Residents first questioned city officials in June whether they intended to use an amended Watson Road Corridor Plan to comply with the state TIF statute. Resident Martha Duchild asked City Attorney Lisa Stump on June 23 if she had arrived at a legal conclusion about whether the Watson Road Corridor Plan conformed with the state TIF statute for use as a comprehensive plan based on her research.

Stump declined to answer, citing attorney-client privilege.

While Lindbergh Schools officials fully support the redevelopment of the mall site, they oppose the use of tax incentives for residential development, saying UrbanStreet’s plan to construct 225 apartments would exacerbate the aggressive enrollment growth that already is challenging the district. Students from those apartments would attend Crestwood Elementary School, which is already at capacity.

Lindbergh officials have requested that any tax incentives for the apartments be removed from the proposal. The Board of Education voted unanimously May 5 to adopt a resolution opposing any use of TIF for residential development.

School district officials estimate the 225 apartments would be valued at roughly $30 million, which would generate about $200,000 annually in property taxes for the school district. If UrbanStreet is unwilling to remove the tax incentives for the apartments, the district would like to receive $200,000 annually as part of the redevelopment agreement for the project, according to Lindbergh Superintendent Jim Simpson.
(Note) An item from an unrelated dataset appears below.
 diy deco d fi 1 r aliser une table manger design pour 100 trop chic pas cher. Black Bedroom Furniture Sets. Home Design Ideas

Simpson, a Crestwood resident, told the Call that the district will continue its opposition to UrbanStreet’s proposal as long as it includes tax incentives for residential development. He also cautioned city officials about using the amended Watson Road Corridor Plan to satisfy requirements of the state’s TIF statute.

“They have to be careful with that …,” Simpson said. “That’s just window dressing and a dog-and-pony show. They have to be careful they don’t hand something out to the opposition that says, ‘Nobody in their right mind would call this a comprehensive plan.’ The only way it will stay as a comprehensive plan is if it’s unchallenged … The truth of the matter is they really need a comprehensive plan. If ever a community needed to get with its residents and say, ‘What do you want for your community? What do you want for the most precious 47 acres of retail space we have in our community?’ This community needs that so much. They need to figure out what they want.”
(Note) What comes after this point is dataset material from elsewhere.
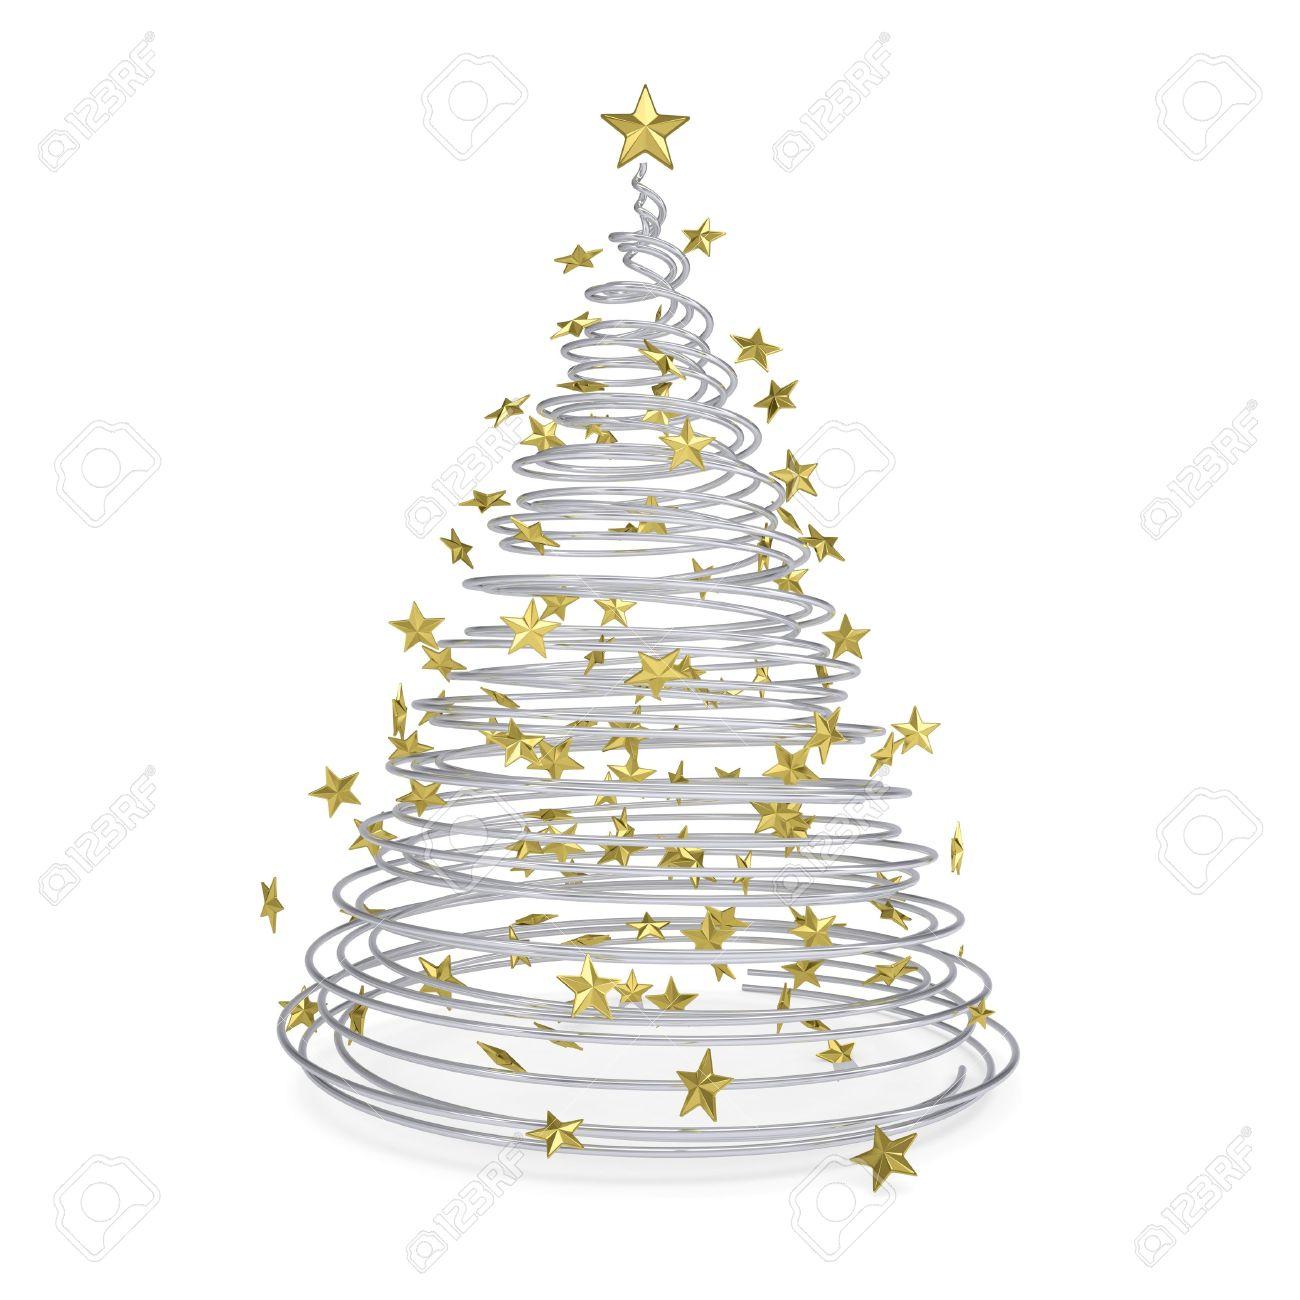 Weihnachtsbaum Metall Spirale.Stock Photo

For example, Simpson said, “No one prior to UrbanStreet would have probably put apartments there. They all were thinking of something like Gravois Bluffs. They were all thinking of attractive, pervasive, varied retail. Now we’ve compromised to the nth degree and taken a third of the site and placed apartments (there), which will not become more valuable as time goes on and will become a larger drain on the community and forever and forever take what they have — finite retail space — and diminish it.

“So what city that has a small amount of retail — finite amount of retail, can never have more retail — what community would actually, openly hope to reduce that? All that is setting up future Crestwoods with cash-flow problems …”
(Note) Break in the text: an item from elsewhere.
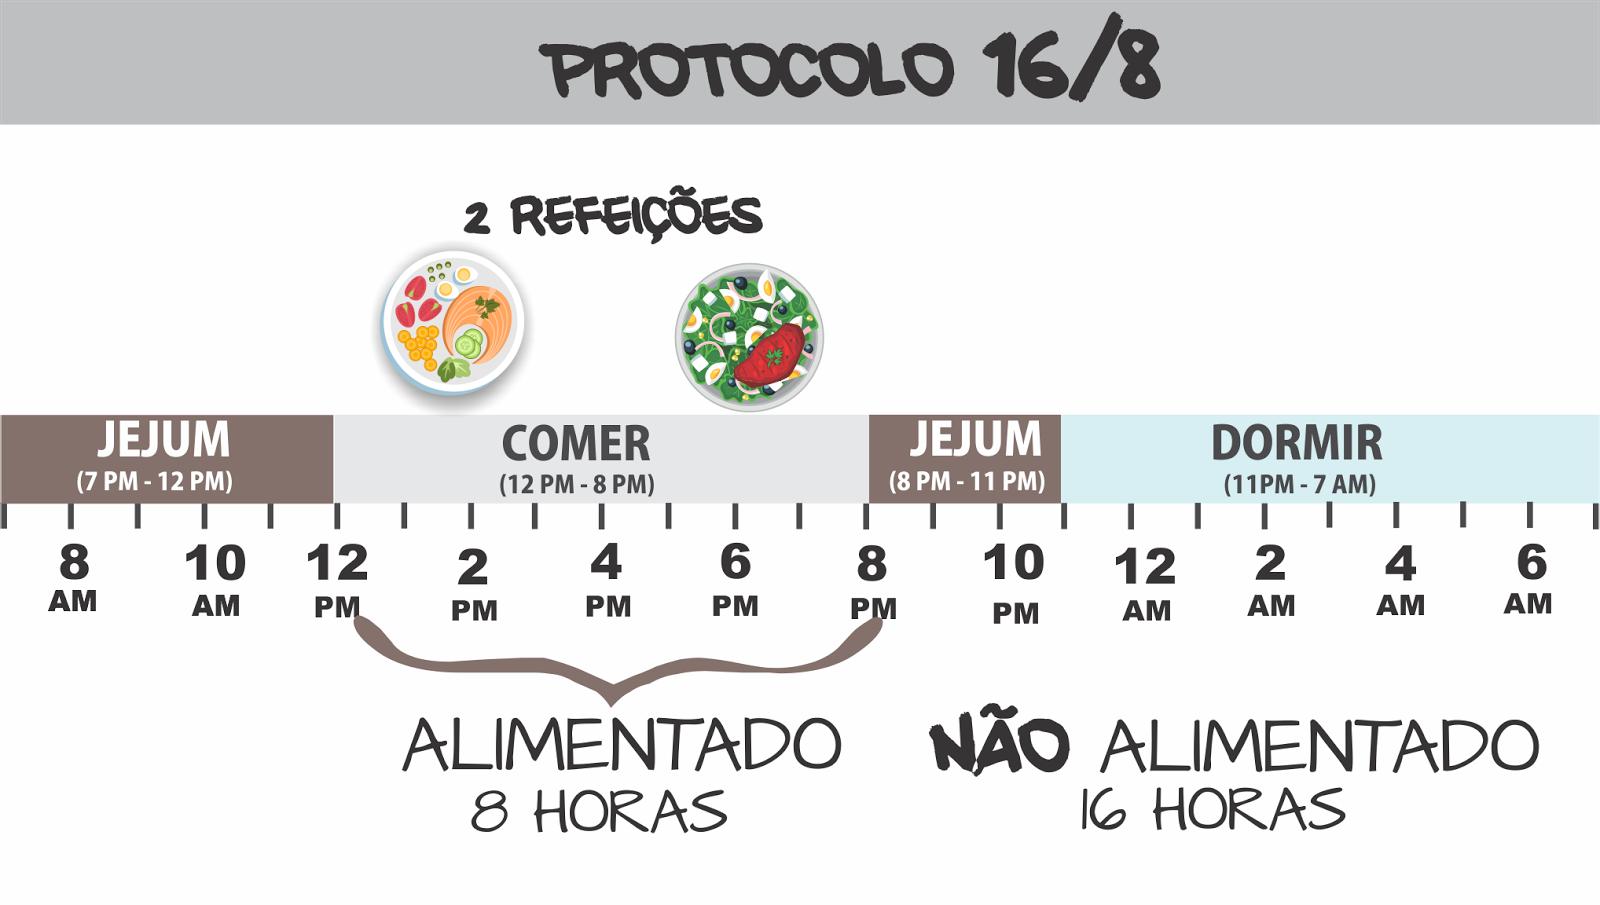 PULAR O CAFÉ DA MANHÃ- PROTOCOLO 16/8 - - FASTING

Lindbergh has the option of challenging the city in court if Crestwood officials use the Watson Road Corridor Plan to satisfy requirements of the TIF statute, Simpson said.

“… If they skip a step, that step or any other step (and) if they’re not going to protect the school district, the school district will protect itself. If we can’t work as partners, then we’ll work through the court system or we’ll look at other options. The school district’s not without means and we have a pretty sharp staff. We have a sharp operation …

“We’ll analyze every aspect of this. We don’t want to do that. That would be a sad day in Lindbergh to do that, but then again, we’re not a doormat. If UrbanStreet wants to walk over the top of us and if the mayor (Gregg Roby) wants to see if there’s a way to just cut Lindbergh out of this situation and not protect their school district, then what (choice) are they leaving us?”